While the Government’s new Better Public Services (BPS) health targets are laudable, the housing target has fallen far from the mark of making a real commitment to improving the lives of New Zealand’s high-need families and children, says Child Poverty Action Group (CPAG).
The target of “achieving a 20 per cent reduction in the time it takes to house priority clients on the social housing register” sidelines the crucial issue of an urgent need for extra state and social housing.
Furthermore this this target can be easily manipulated by those responsible for achieving it to the point that the target is rendered effectively meaningless.
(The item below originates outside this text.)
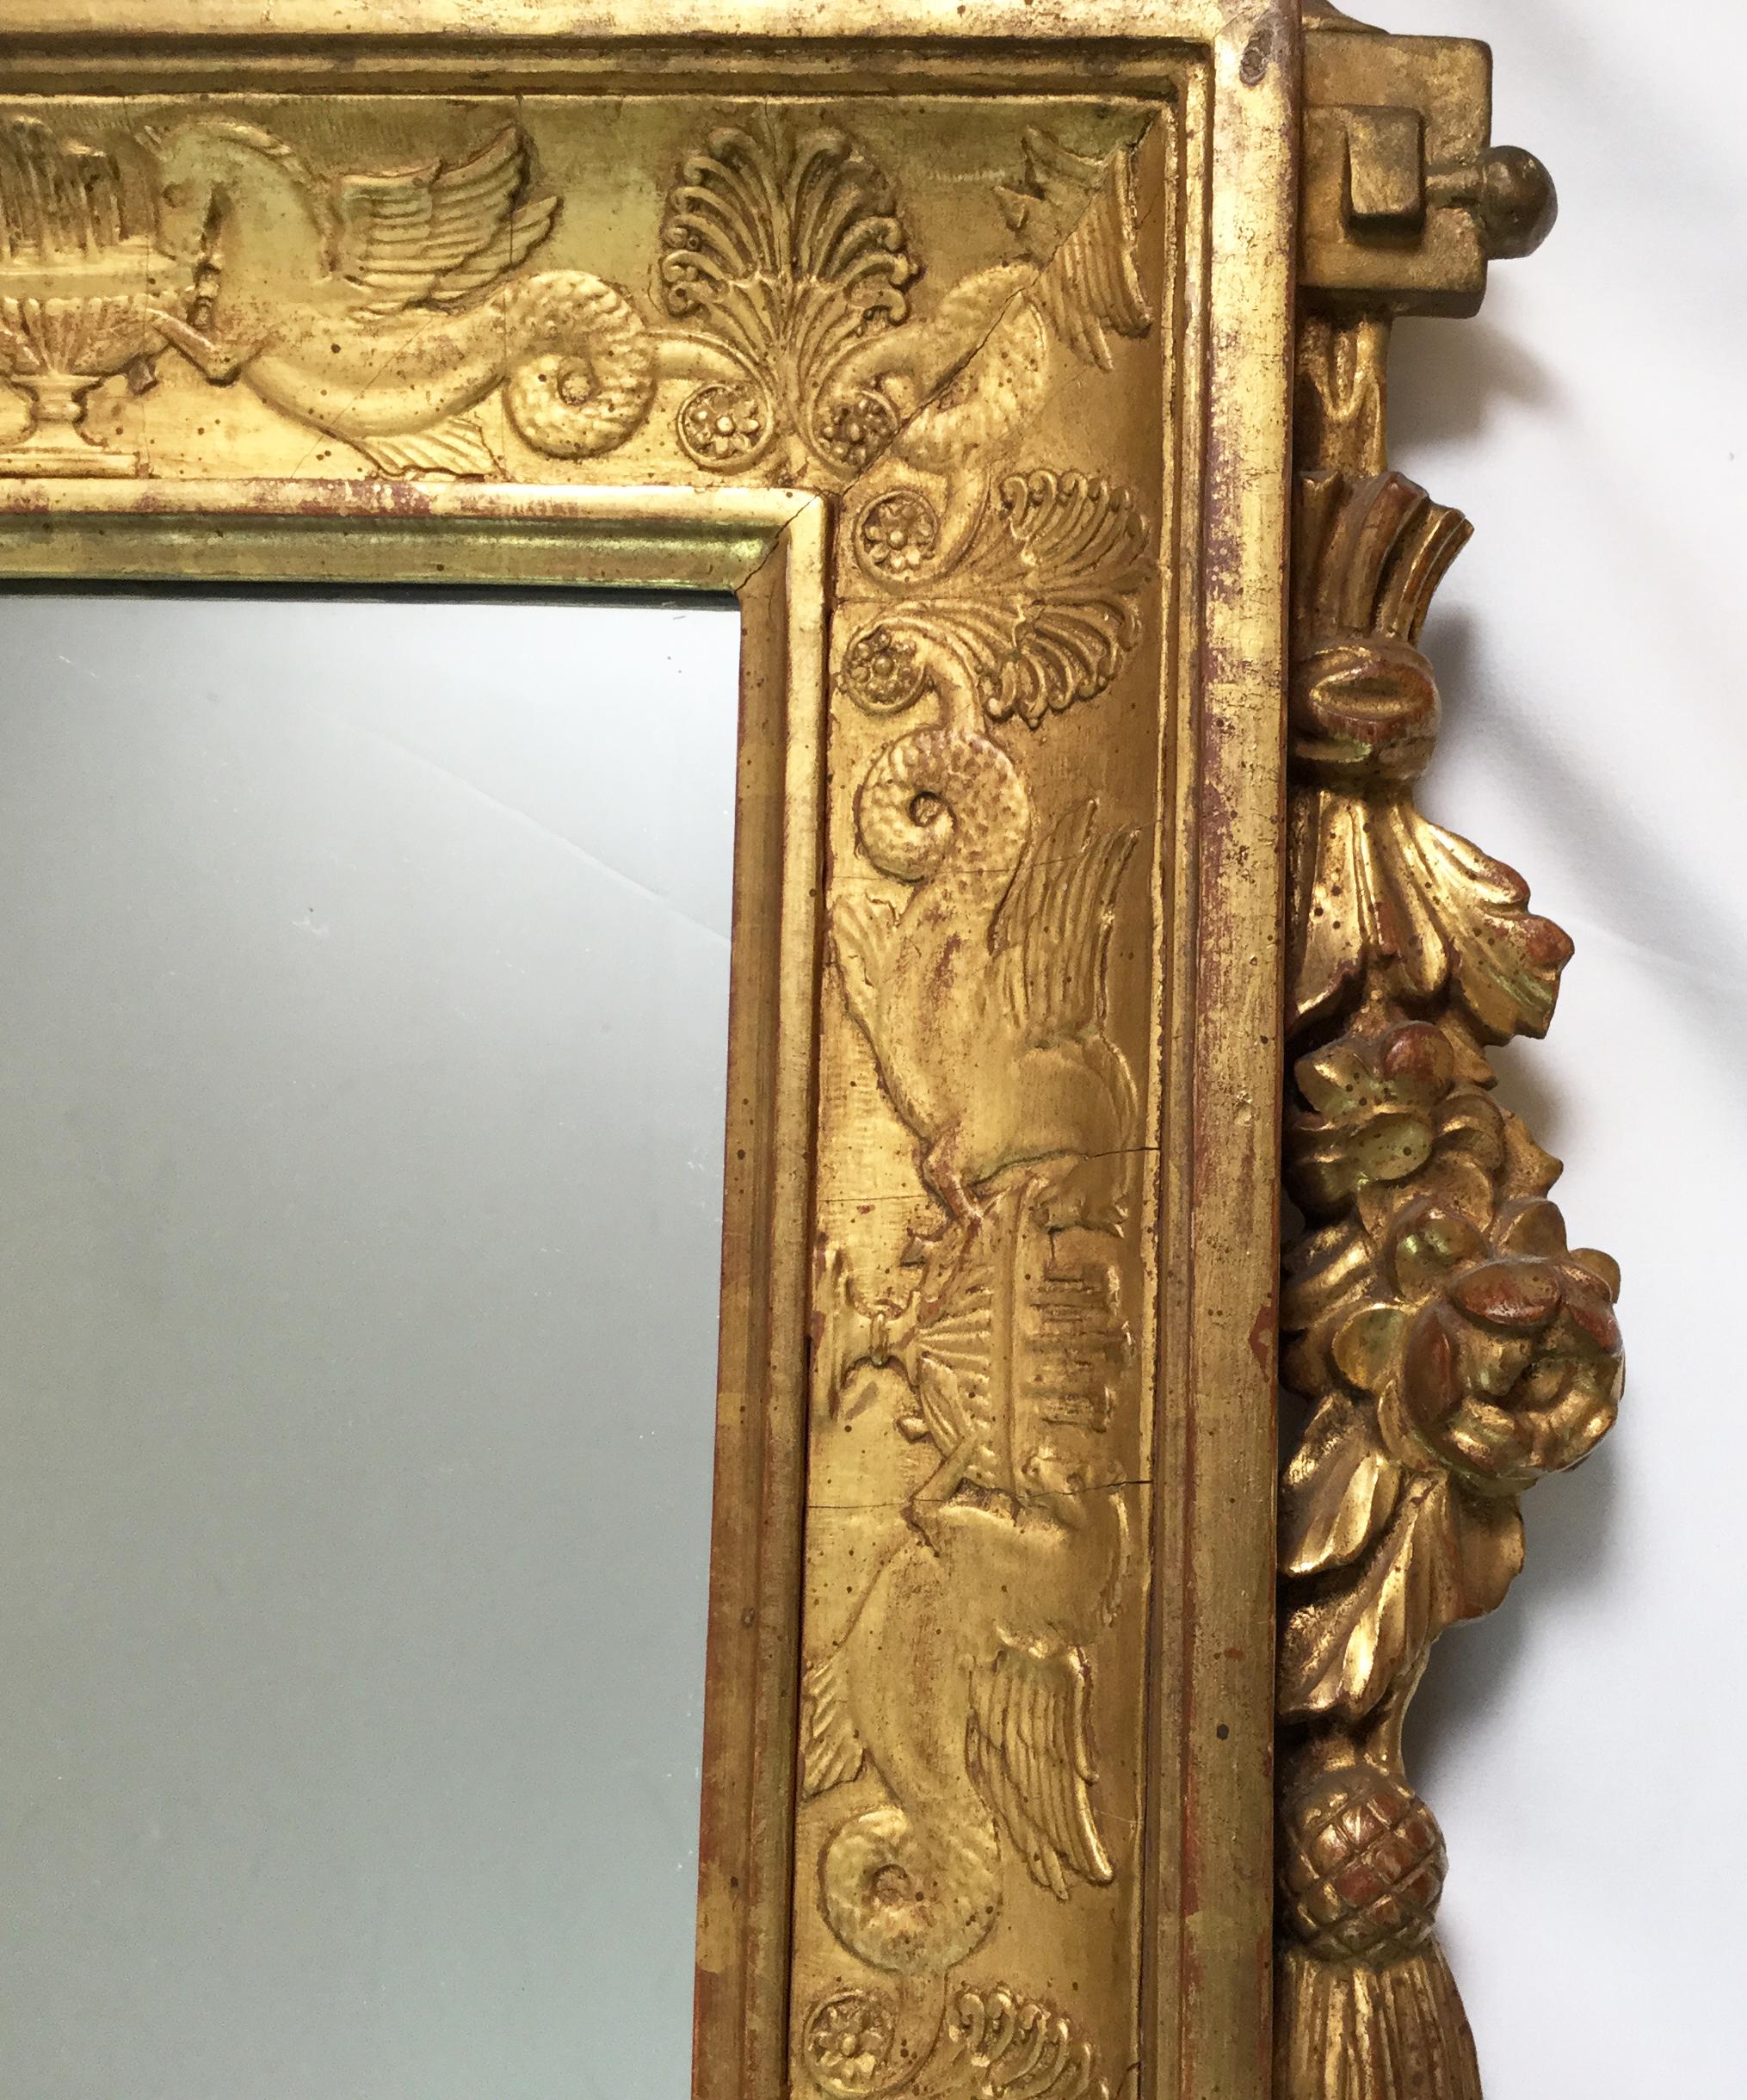 20th Century French Empire Napoleonic Style Giltwood Mirror with Eagles

CPAG co-convenor Alan Johnson says, “The social housing priority awaiting list grew 49% over the past year for no apparent reason, other than a change in policy following a spotlight on Ministry of Social Development (MSD) inadvertently paying for families to live in garages rented by so-called emergency housing providers.
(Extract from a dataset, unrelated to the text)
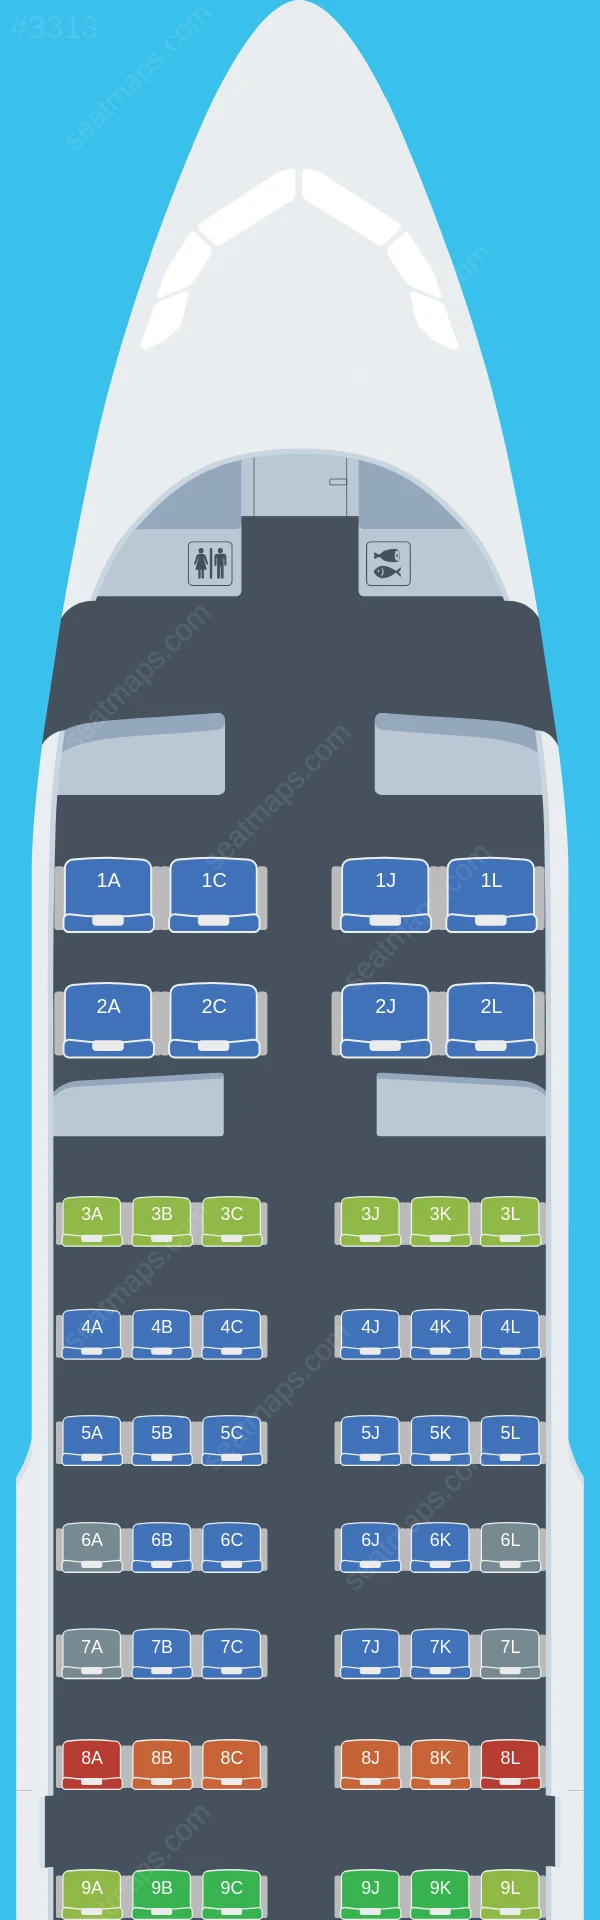 Shenzhen Airlines Airbus A319-100 seatmap preview

“Clearly the waiting list can be manipulated by MSD managers without any agreed changes in policy so there is little reason to believe that this new target will not be met through some form of alternative reporting or recording.”
CPAG says that the Government needs to set more meaningful housing targets to improve the current situation in New Zealand, which is one of desperate and urgent need.
Increasing the number of additional state and other social housing units that will be built over the next five years should be the top priority.
Achieving any target to increase - and not reduce, the numbers of state and social housing is the only meaningful of way reducing the critical unmet housing need that is evidenced by the explosion of emergency housing budgets.